Благодаря тому, что в семье все любили театр, Бенуа с детства приобщился к оперному, театральному, музыкальному и цирковому искусству, но в наибольшей степени на его воображение и на его «эстетический глаз» повлиял кукольный театр Петрушки, широко распространенный по всей России: «Уже издали слышится пронзительный визг, хохот и какие-то слова — все это, произносимое петрушечником через специальную машинку, которую он клал себе за щеку <…>. Быстро расставляются ситцевые пестрые ширмы, „музыкант“ кладет свою шарманку на складные козлы, гнусавые, жалобные звуки, производимые ею, настраивают на особый лад и разжигают любопытство. И вот появляется над ширмами крошечный и очень уродливый человечек. У него огромный нос, а на голове остроконечная шапка с красным верхом. Он необычайно подвижный и юркий, ручки у него крохотные, но он ими очень выразительно жестикулирует, свои же тоненькие ножки он ловко перекинул через борт ширмы. Сразу же Петрушка задирает шарманщика глупыми и дерзкими вопросами, на которые тот отвечает с полным равнодушием и даже унынием» (1, 284). После пролога разворачивается само действие, состоящее из сцен с шутками, игрой слов и комических интермедий. Когда «шарманщик играет веселый галоп, представление окончено» (1, 285).

Описание Бенуа чрезвычайно подробно, художник очарован театральной игрой марионетки и ее скрипучим голосом, который, напротив, так пугает Белого-рассказчика в «Котике Летаеве», когда он вспоминает о «кровавых кумачах» балагана и о «курьих криках» паяца Петрушки: «…грудогорбая, злая, пестрая, полосатая финтифлюшка-петрушка: в редкостях, в едкостях, в шустростях, в юркостях, востреньким, мертвеньким, дохленьким носиком, колпачишкой и щеткою в руке-раскоряке»[69].

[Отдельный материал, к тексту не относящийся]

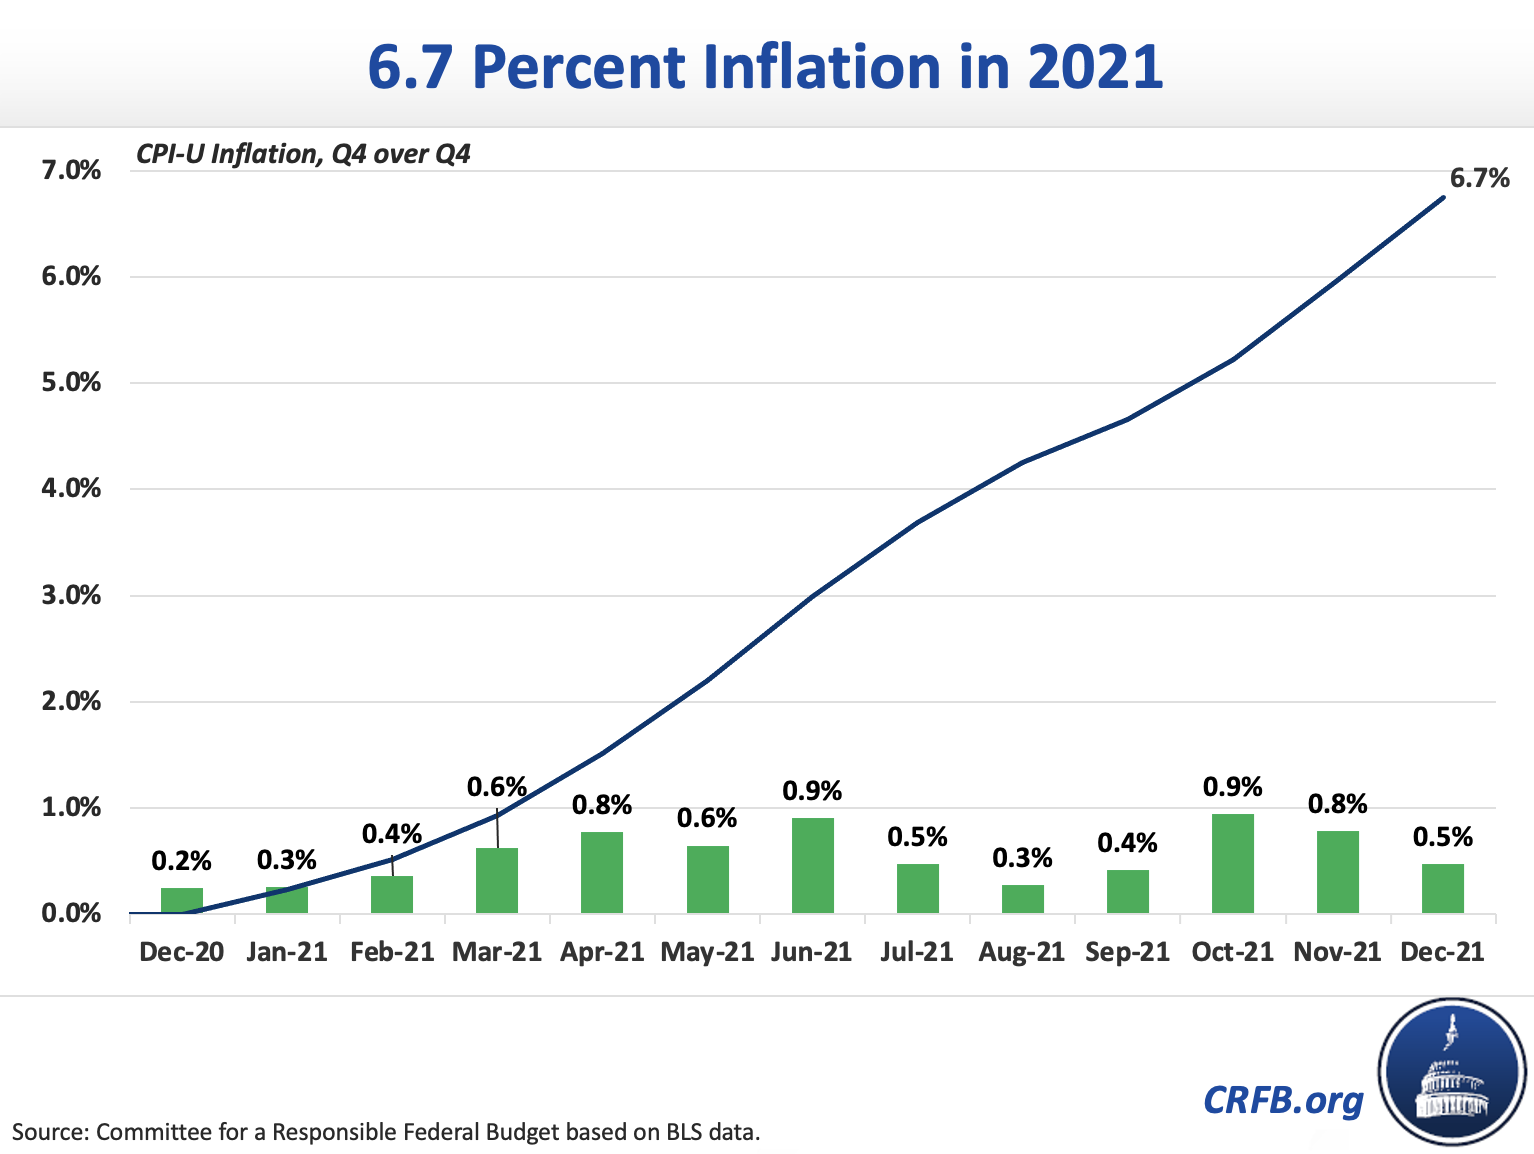 2021 Inflation Totaled 6.7 Percent20220112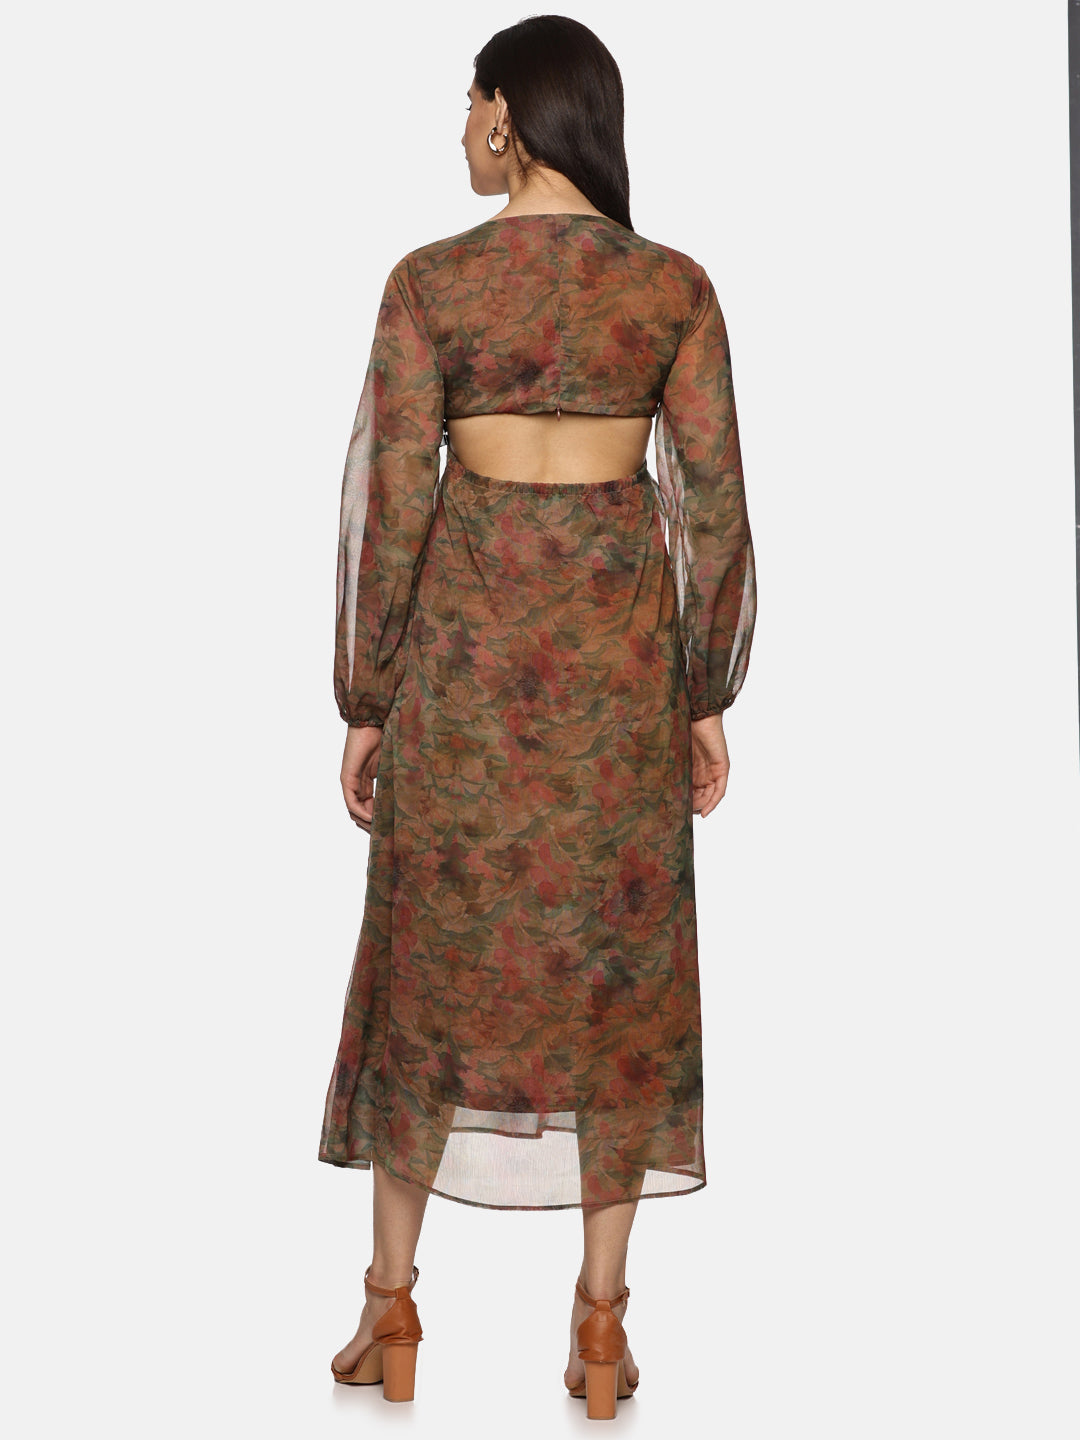 Buy Brown Printed Floral Chiffon Fabric | Cut Out Midaxi Dress Online In India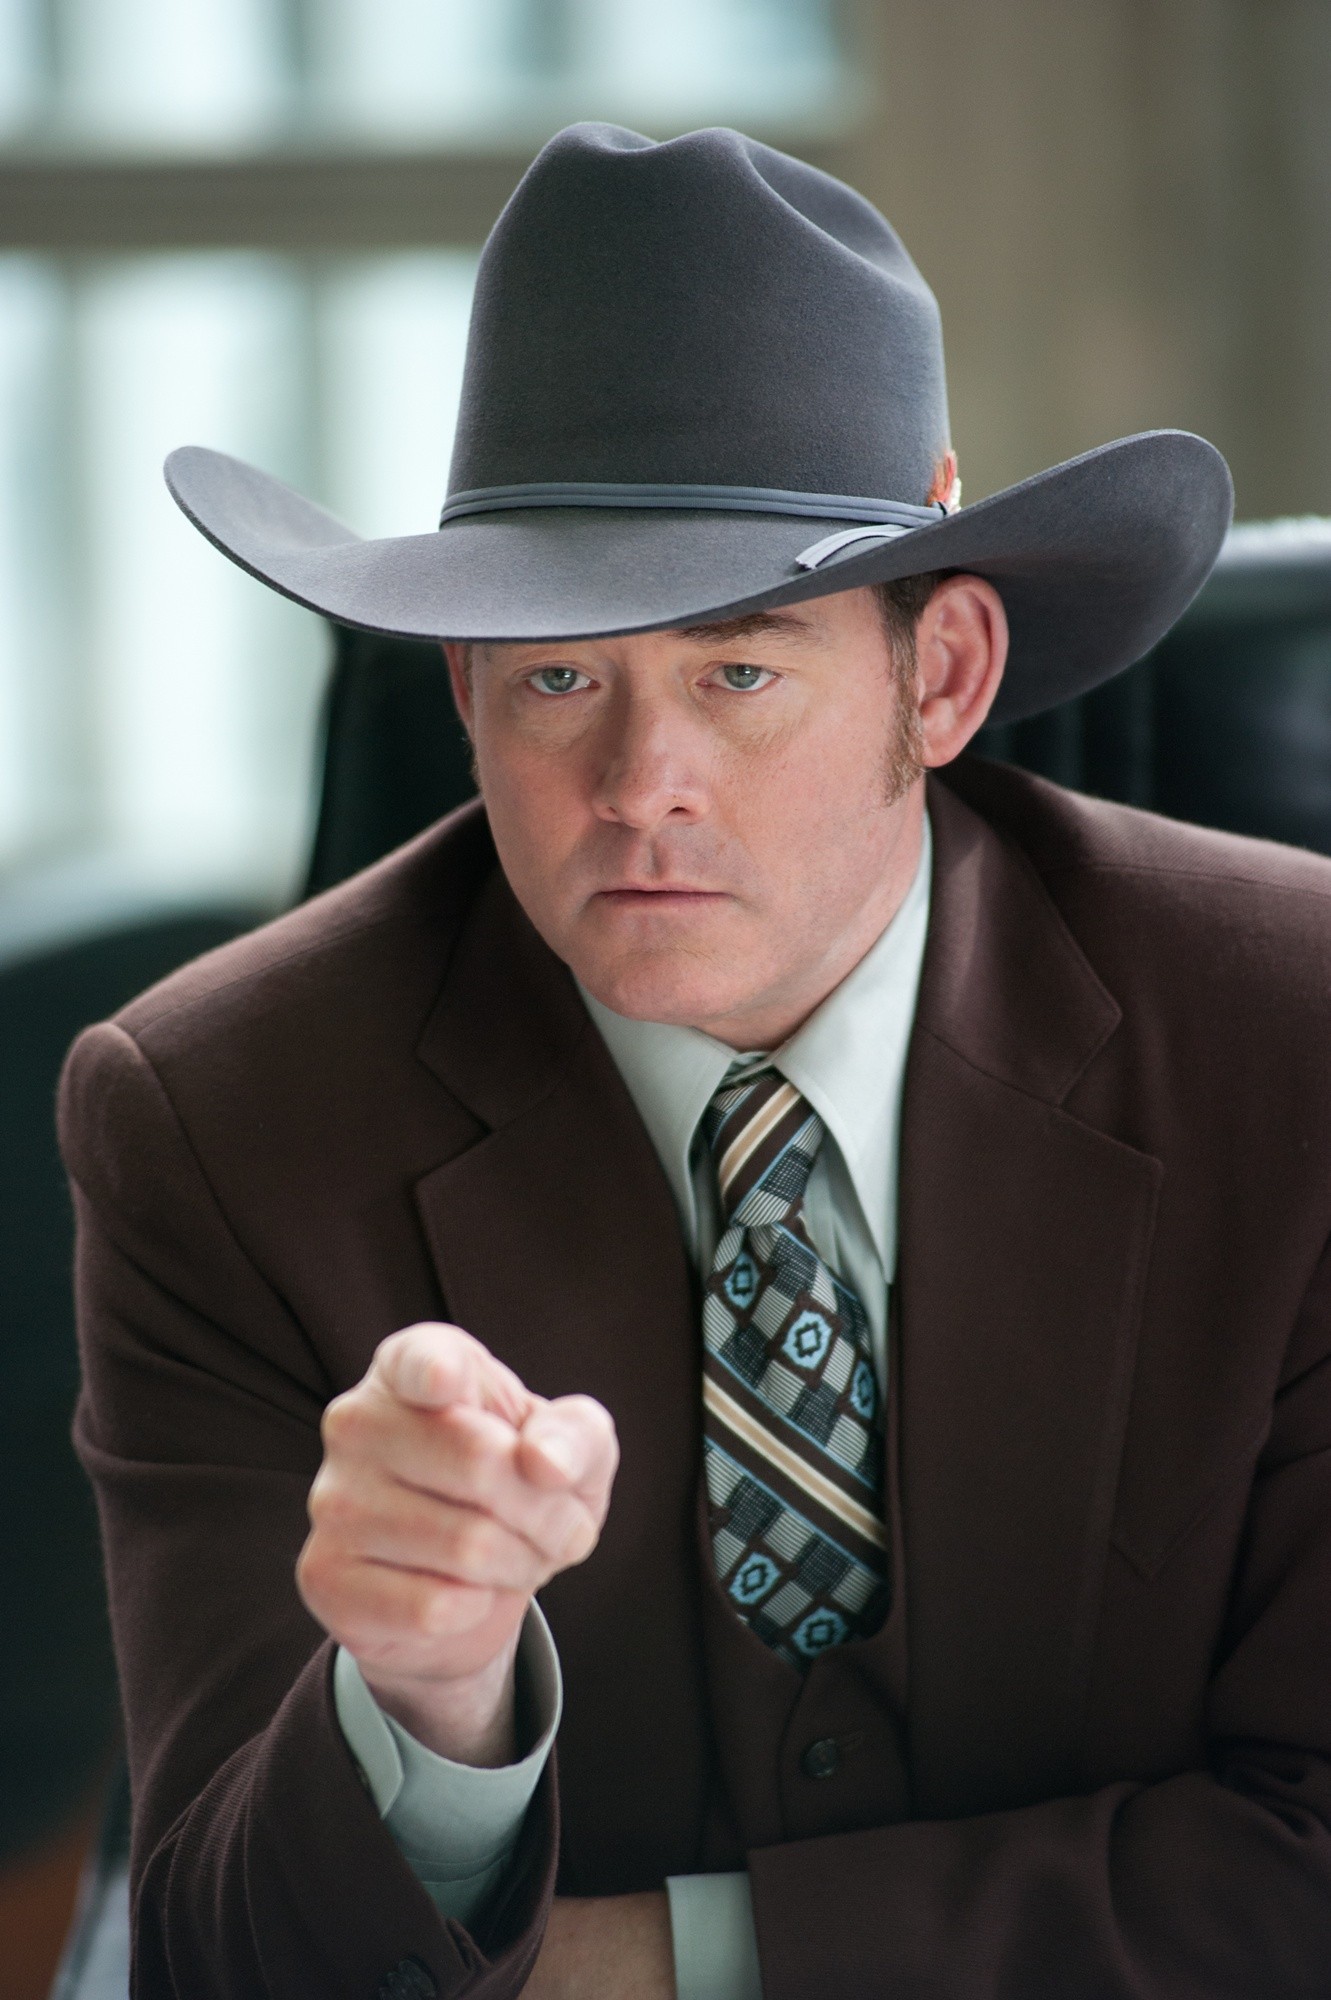 David Koechner stars as Champ Kind in Paramount Pictures' Anchorman: The Legend Continues (2013

В памяти Бенуа рядом с демократическим обликом Петрушки выступает и аристократический его облик; действительно, представление Петрушки было одним из самых любимых зрелищ на детских праздниках в барских домах: «В элегантных барских квартирах спектакль Петрушки устраивался обыкновенно в дверях гостиной, почти всегда увешанных пышными драпировками, и это придавало представлению несравненно более парадный и театральный характер. Да и приглашался для этого спектакля не простой, грязный петрушечник с улицы, а „салонный“, чуть ли не во фрак одетый. Ширмы у него были шелковые с бархатным бортиком и золотой бахромой, а сам шарманщик был гладко выбрит и чисто одет. Инструмент у него был новый с более мягким, менее визгливым звуком и без тех досадных заиканий, которые получались вследствие изношенности валика. Самые куклы были одеты в атлас и в блестящую мишуру. Особенно эффектны были арапы, не облезлые и разбитые, а свежепокрашенные, черные-пречерные. На голове у них торчал пучок страусовых перьев, палка же перевита серебряным позументом. До слез смеялась аудитория на этих спектаклях, веселым задором сияли лица прелестных девочек в розовых открытых платьицах с цветными бантами в распущенных волосах!» (1, 286).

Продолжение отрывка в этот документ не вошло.